AD/LDAP delegated authentication bypass - username above 52 characters

What Happened?

On October 30, 2024, a security flaw was detected in Okta’s AD/LDAP Delegated Authentication (DelAuth) service. This issue, linked to how cache keys were generated using Bcrypt, could potentially allow authentication bypasses when specific criteria were met.
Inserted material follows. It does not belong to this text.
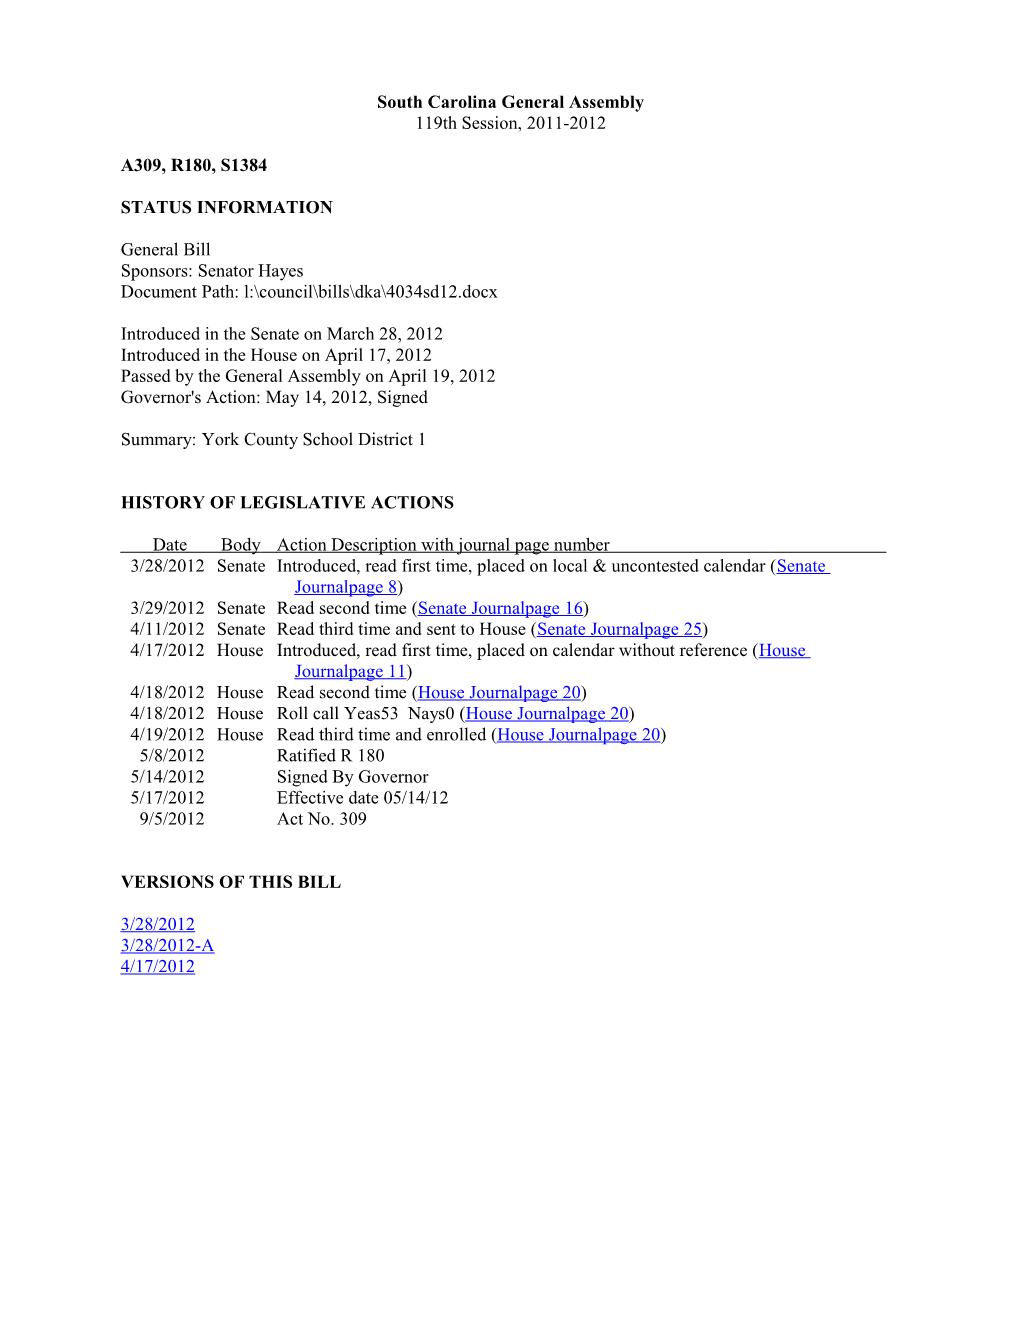 2011-2012 Bill 1384: York County School District 1 - South Carolina Legislature Online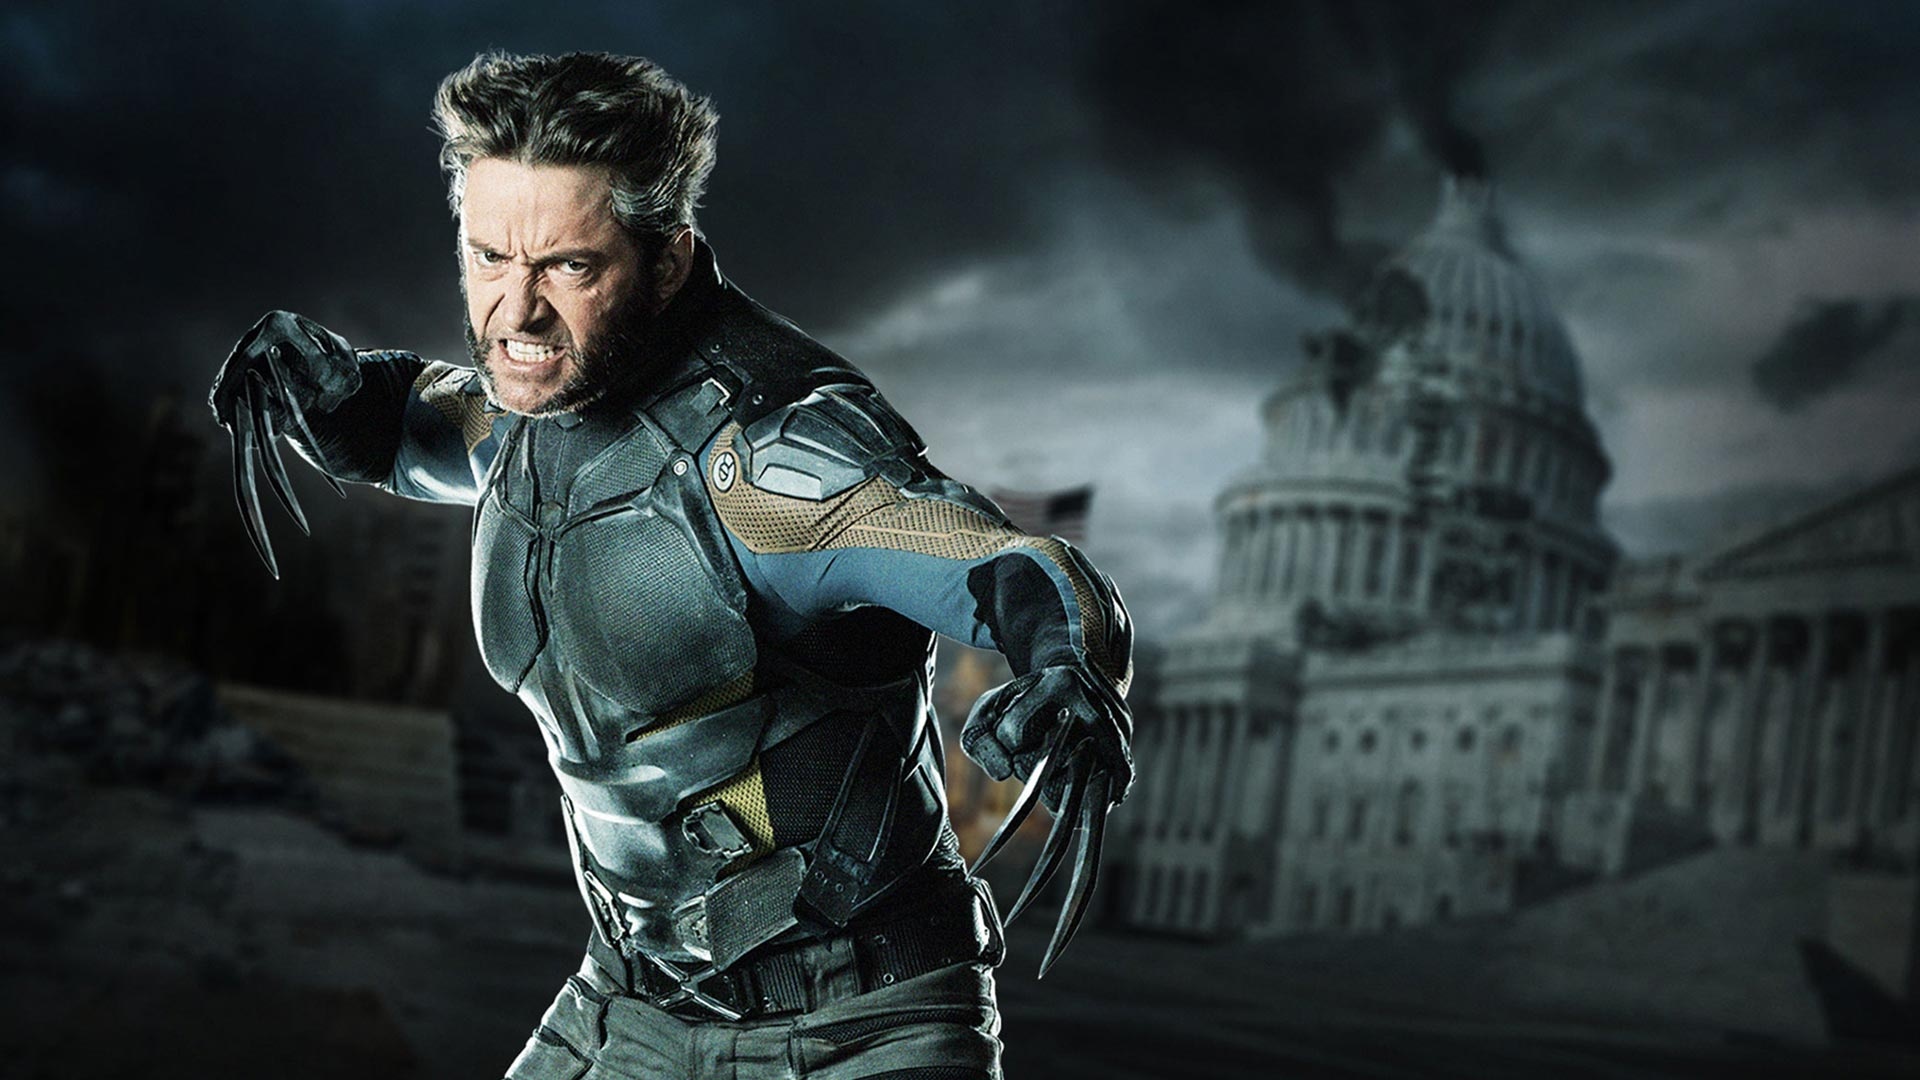 X-Men: Days of Future Past, Wallpaper featuring Wolverine, X-Men fandom, Mutant superhero, 1920x1080 Full HD Desktop

Under precise conditions, a user might authenticate by supplying a username 52 characters or more that corresponded with a cache key from a previous successful login.

‍

This flaw impacted Okta AD/LDAP DelAuth from July 23, 2024, until the fix was applied in production on October 30, 2024.

‍

Conditions for Exploitation

Exploitation of this vulnerability was only feasible when all of the following conditions were present:

• The organization was using Okta’s AD/LDAP DelAuth.
• No Multi-Factor Authentication (MFA) was enabled.
• The username was 52 characters or more.
• An earlier login by the user had been cached.
• The cached data was used instead of fresh authentication, which can occur if the AD/LDAP agent is unavailable due to high load or connectivity issues.

‍

Resolution

On October 30, 2024, Okta switched from Bcrypt to PBKDF2 for cache key generation, effectively addressing the vulnerability.

‍

Recommended Actions

If your organization relies on AD/LDAP DelAuth and meets the described conditions, it is recommended you take the following actions:

1. Log Review: Investigate Okta System Logs for any unexpected authentications involving usernames over 52 characters between July 23 and October 30, 2024.
2. Enable MFA: Ensure that MFA is in place for all users.
3. Adopt Phishing-Resistant Options: Consider enrolling users in advanced, phishing-resistant methods, such as Okta Verify FastPass, FIDO2 WebAuthn, or similar authenticators, to improve security.